The one place where there really was danger from tight corsets was in the development of babies. Many women wore corsets perilously deep into pregnancy, even pulling them tighter to hide for as long as possible the indelicate evidence that they had been party to an unseemly burst of voluptuous spasms.
Victorian rigidities were such that ladies were not even allowed to blow out candles in mixed company, as that required them to pucker their lips suggestively. They could not say that they were going “to bed”—that planted too stimulating an image—but merely that they were “retiring.” It became effectively impossible to discuss clothing in even a clinical sense without resort to euphemisms. Trousers became “nether integuments” or simply “inexpressibles” and underwear was “linen.” Women could refer among themselves to petticoats or, in hushed tones, stockings, but could mention almost nothing else that brushed bare flesh.

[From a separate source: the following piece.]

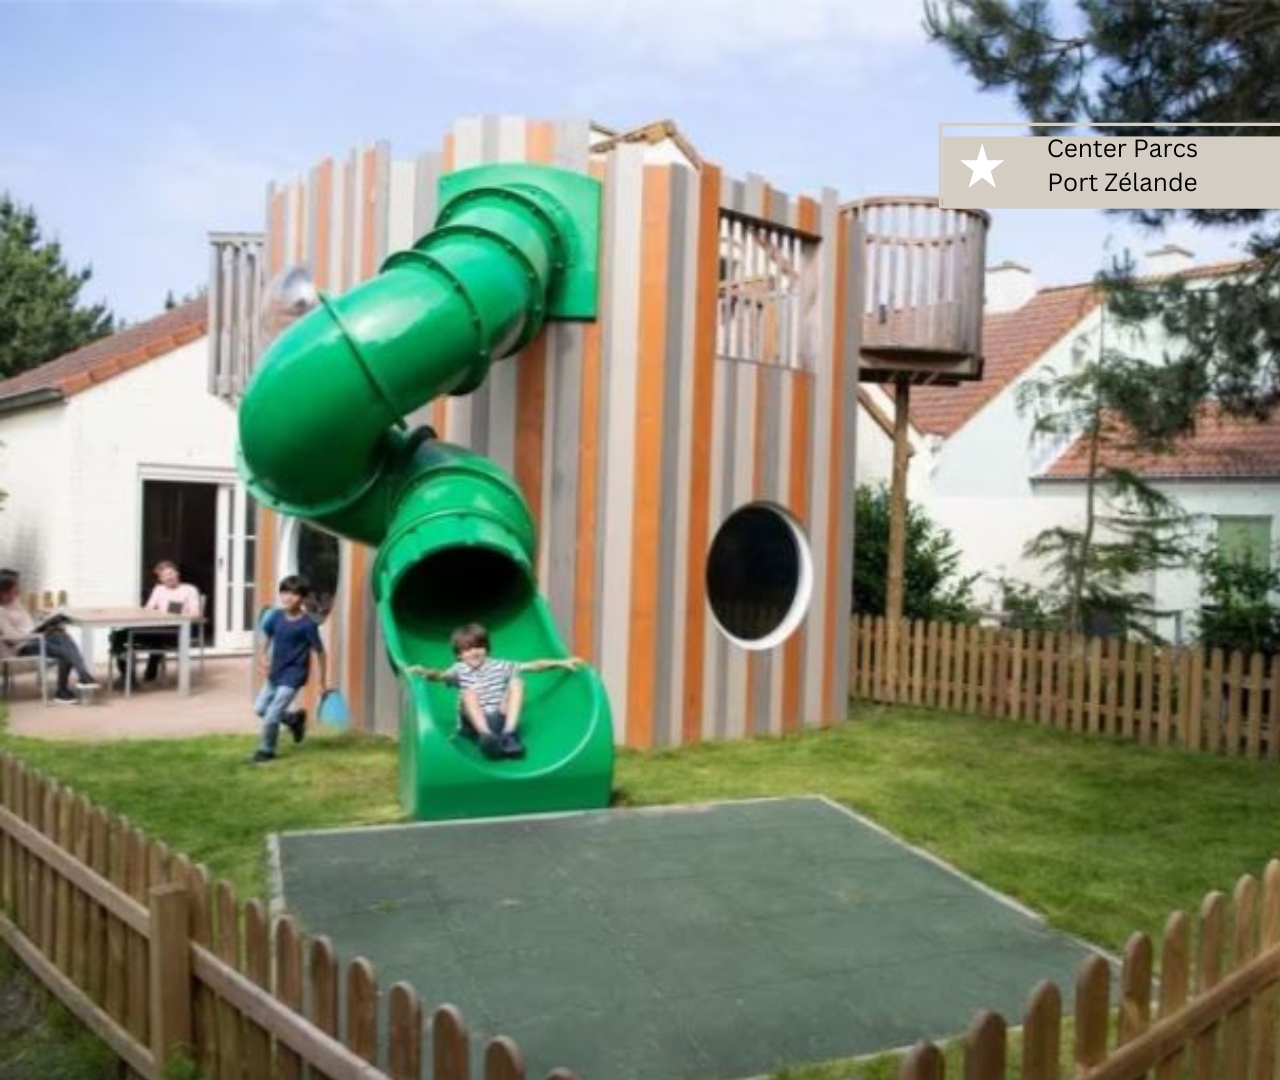 bester Ferienpark in Holland am Meer - Center Parcs Port Zelande mit Kinderferienhäusern (1)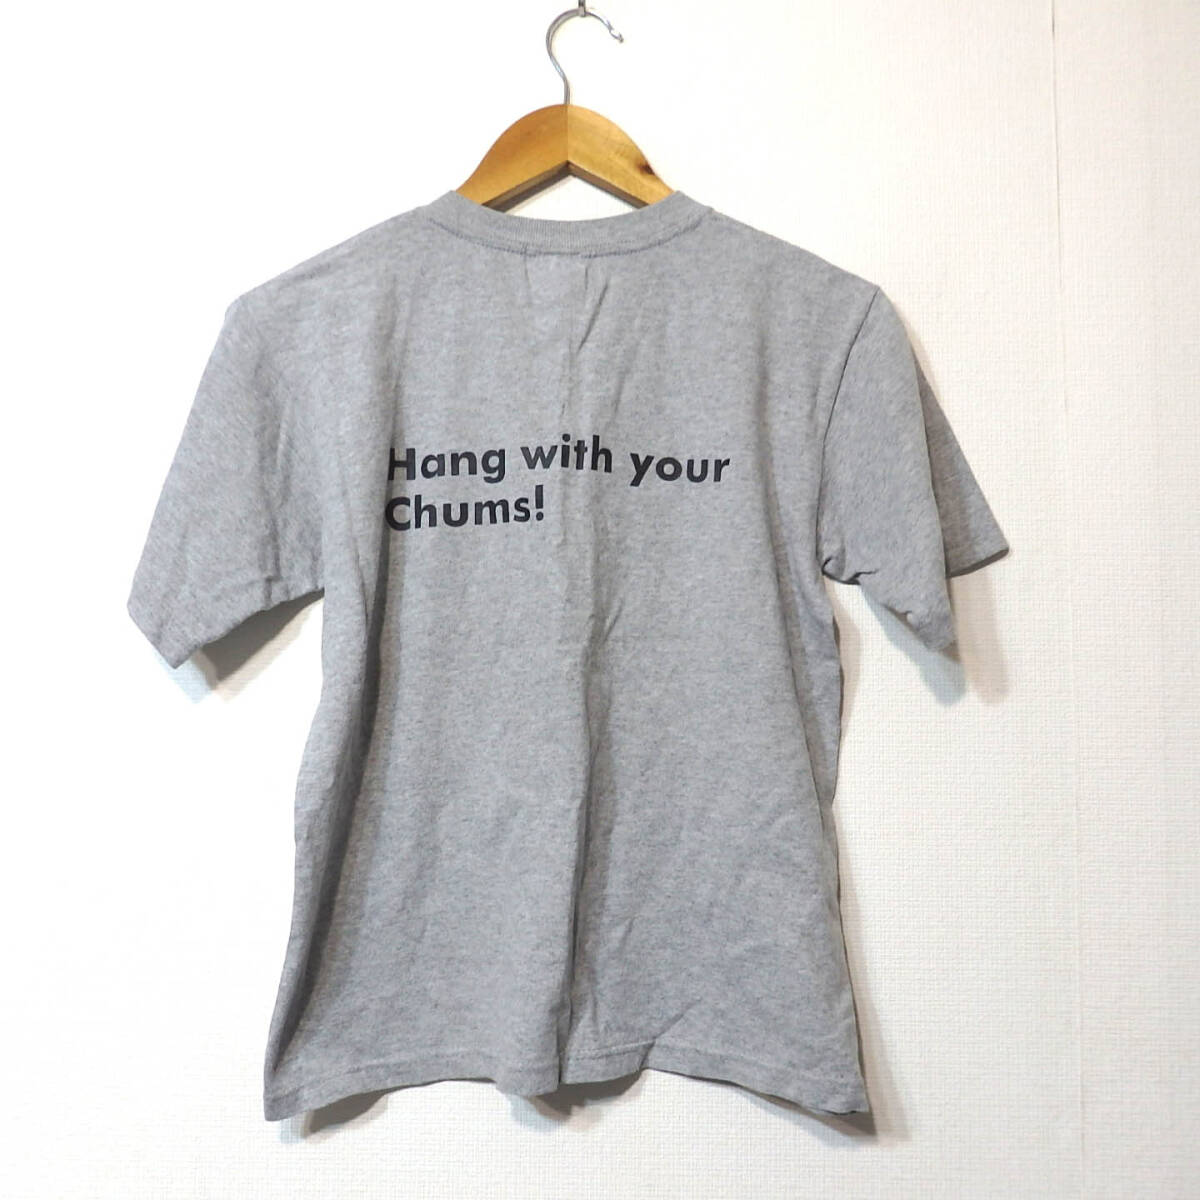 [ бесплатная доставка ] Chums футболка /CHUMS YOUTH L размер ( женский M размер соответствует )

Behind the scenes, however, things were a little spicier than we are sometimes led to suppose. Chemical dyes—some of them quite rich and colorful—became available in midcentury and one of the first places they appeared was on underclothes, a matter that scandalized many since it raised the obvious question of for whose delight all that color was intended. The embroidery of underwear became similarly popular and identically scandalous. In the very year that it was praising an English girls’ school for keeping the young ladies murderously strapped into corsets for a week at a time, The Englishwoman’s Domestic Magazine was also railing that “the amount of embroidery put upon underclothing nowadays is sinful; a young lady spent a month in hemstitching and embroidering a garment which it was scarcely possible that any other human being, except her laundress, would ever see.”
One thing Victorian women didn’t have were brassieres. Corsets pushed up from below, which held breasts in place, but for true comfort (I am told) breasts are better held up by slings. The first person to see this was a lingerie manufacturer named Luman Chapman, of Camden, New Jersey, who secured a patent in 1863 for “breast puffs”—a kind of early halter top. Between 1863 and 1969, exactly 1,230 patents on bras were taken out in the United States. The word brassière, from a French word meaning “upper arm,” was first used in 1904 by the Charles R. DeBevoise Company.
One small but tenacious myth may be demolished here. It has been sometimes written that the bra was the invention of one Otto Titzling. In fact, if such a person ever existed, he played no part in the invention of foundation garments. And on that slightly disappointing note, we may move on to the nursery.
* Overcome with grief, her husband buried her with a sheaf of poems that he had failed to copy; seven years later he thought better of the gesture, had the grave dug up, and retrieved the poems, which were published the following year.